Com os ataques dos militares aos destacamentos guerrilheiros, Maria e seus irmãos mais velhos, Jaime e Lúcio, iniciaram as ações na região do rio Araguaia, na divisa entre os estados de Goiás (hoje Tocantins) e Pará. Os dois são considerados até hoje como desaparecidos.[3]
É um dos casos investigados pela Comissão da Verdade, fundada especialmente para realizar investigações sobre os crimes cometidos pelo Estado brasileiro, com interesse em apurar mortes e desaparecimentos na ditadura militar brasileira.[4]
Biografia
[editar | editar código-fonte]Maria Lúcia nasceu no município de Agudos, no interior do estado de São Paulo. Era filha de José Bernardino da Silva Júnior, administrador de uma fazenda em Jaú, e de Julieta Petit da Silva, costureira filha dum argentino com uma espanhola,[5] e irmã de Jaime Petit da Silva e Lúcio Petit da Silva, ambos guerrilheiros que desapareceram no Araguaia durante o regime militar.
Cursou o primário, o ginásio e os dois primeiros anos do ensino médio em Duartina, São Paulo, vindo a concluí-lo em São Paulo, no Instituto de Educação Fernão Dias, no bairro de Pinheiros, em 1968, quando participou do movimento estudantil secundarista.

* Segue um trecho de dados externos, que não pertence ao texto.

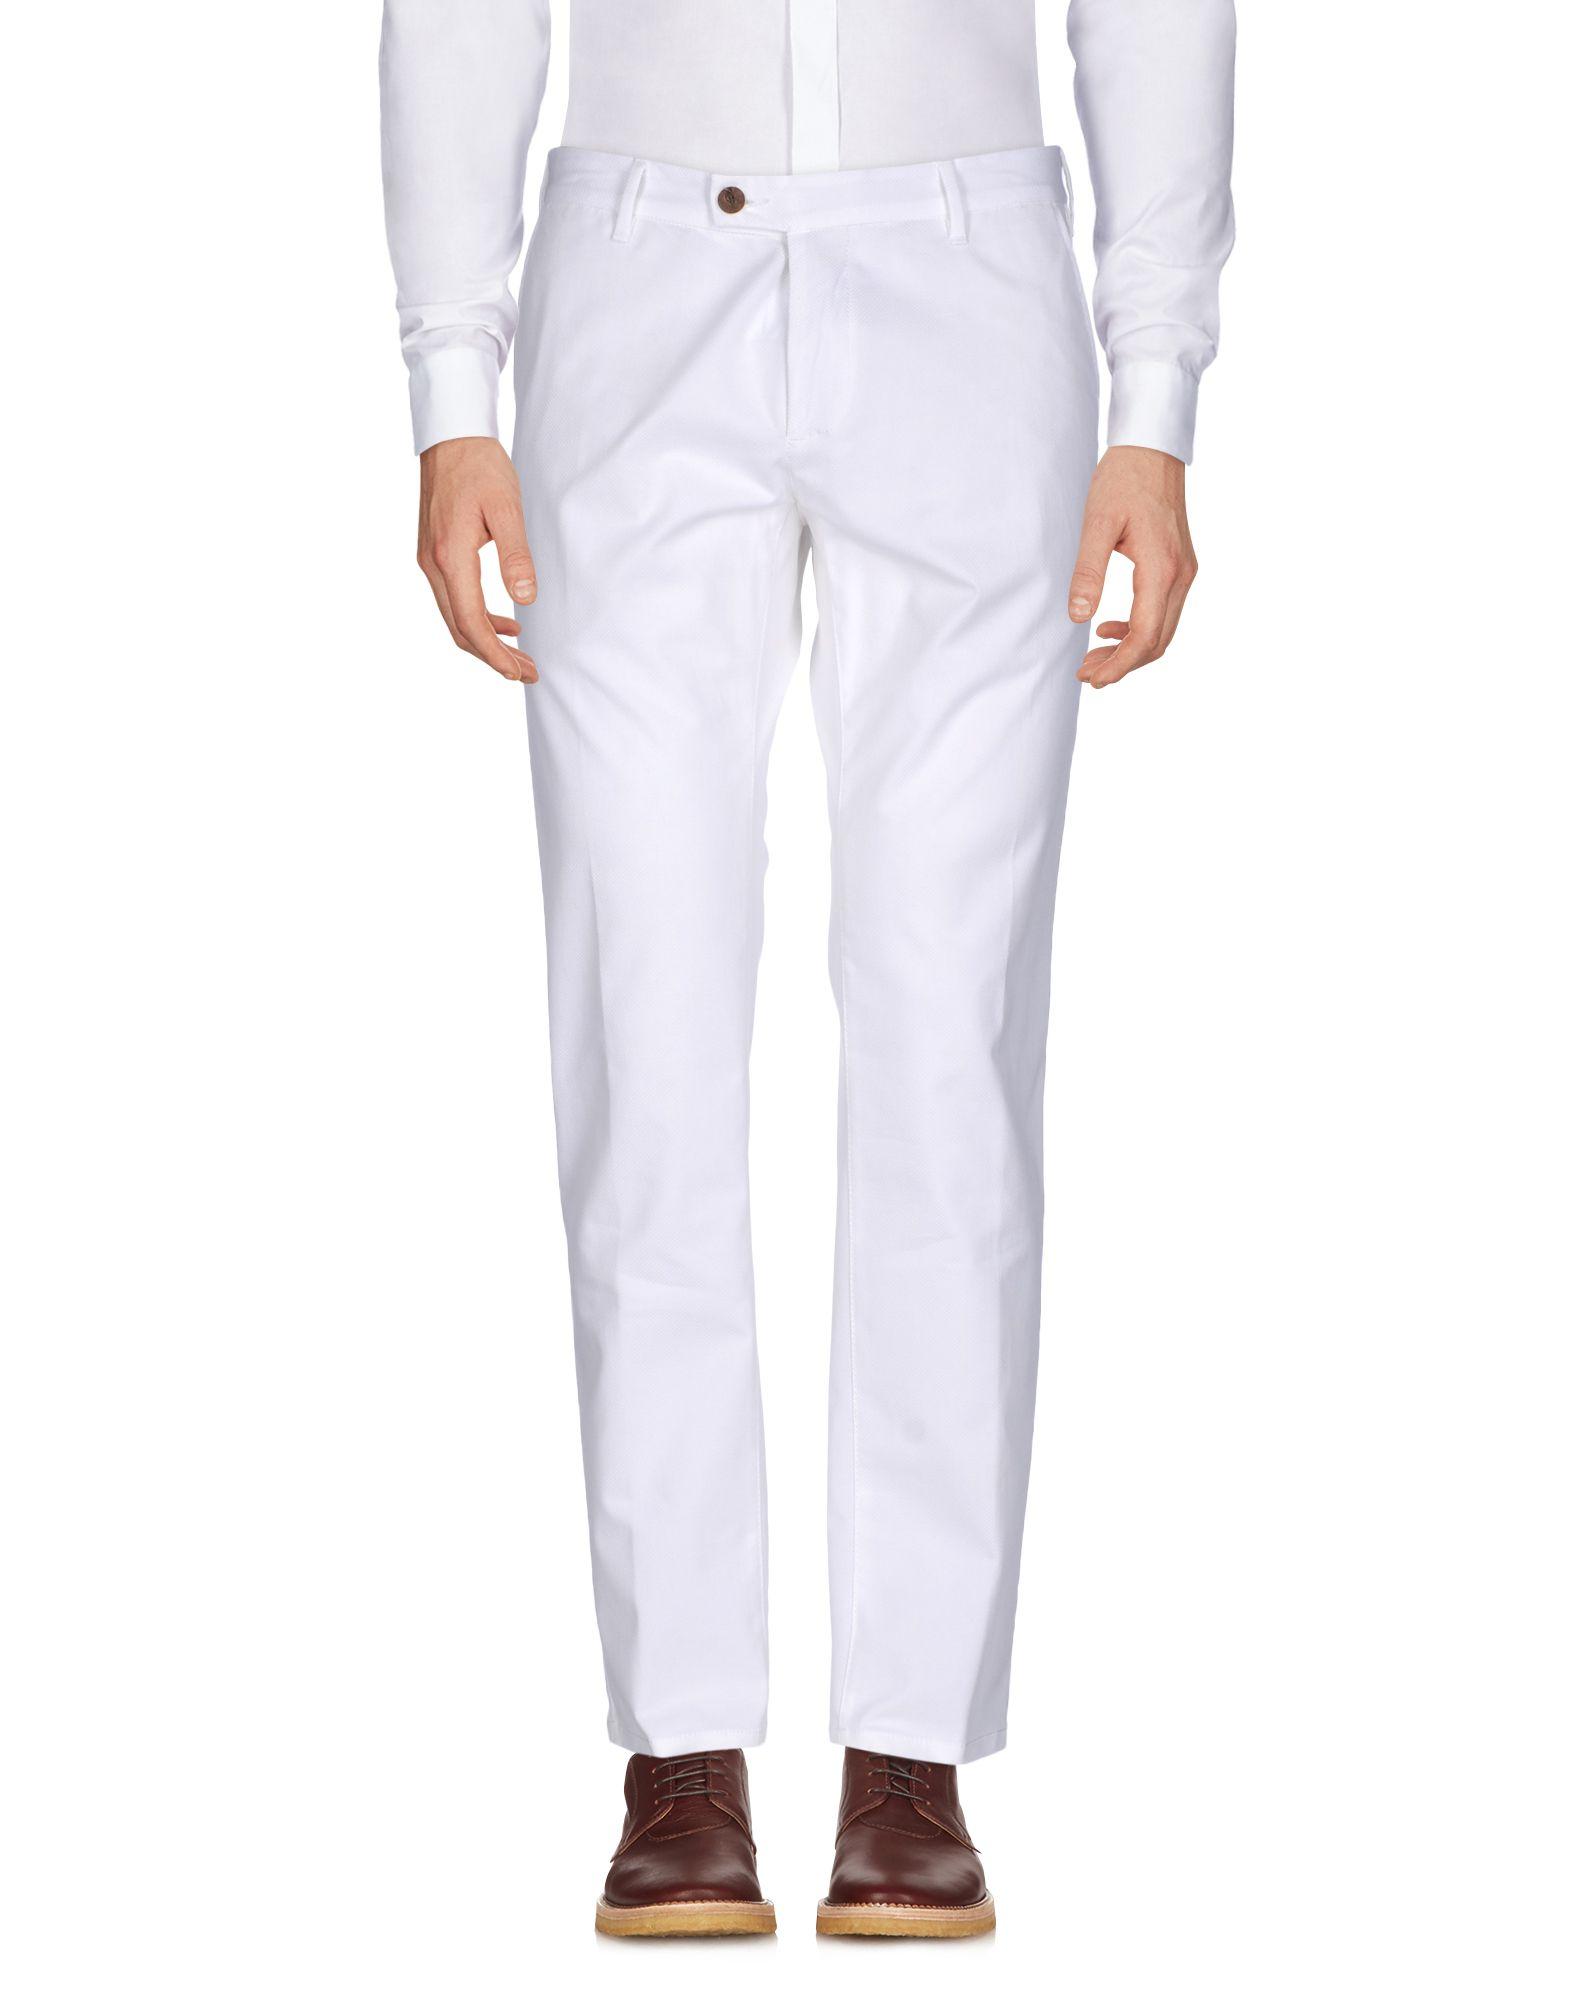 Pantalone Myths Uomo - Acquista online su

Em 1969, prestou concurso público para o magistério. Foi professora primária municipal e passou a lecionar na EMPG Tenente Aviador Frederico Gustavo dos Santos, na Vila Cachoeirinha, na capital paulista.[6]
No início de 1970, como militante do PCdoB, foi para o interior de Goiás e, logo após para o sul do Pará, fixando-se na área de Caianos. Maria Lucia se dedicou ao magistério ensinando crianças das redondezas e trabalhando em atividades de plantio, conquistando grande simpatia dos moradores da região.
O Exército brasileiro cercou a região de atuação das guerrilhas utilizando grandes armamentos e aparatos militares em 1972. Relatos cedidos à Comissão da Verdade contam que Maria Lúcia teria sido fuzilada por tropas do exército, comandado pelo General Antônio Bandeira, ao tentar proteger um camponês nesse mesmo episódio.[7]
Morte
[editar | editar código-fonte]Maria pertenceu ao destacamento C da Guerrilha do Araguaia. Segundo depoimentos de sobreviventes, ela foi morta a tiro em junho de 1972, em confronto com uma patrulha do Exército Brasileiro próximo a Xambioá, região do Araguaia, sul do Pará. Maria liderou um grupo de guerrilheiros na tarde de 16 de junho até a casa de 'João Coioió', caboclo da região e até então de confiança dos guerrilheiros e amigo de 'Maria', na busca por suprimentos. Coioió, como vários camponeses da área, foram aliados dos militares e havia se passado para o lado das forças contra-terroristas comunistas, Maria foi atingida por Coioió com um tiro de carabina na trilha próxima à casa, morrendo instantaneamente.[8]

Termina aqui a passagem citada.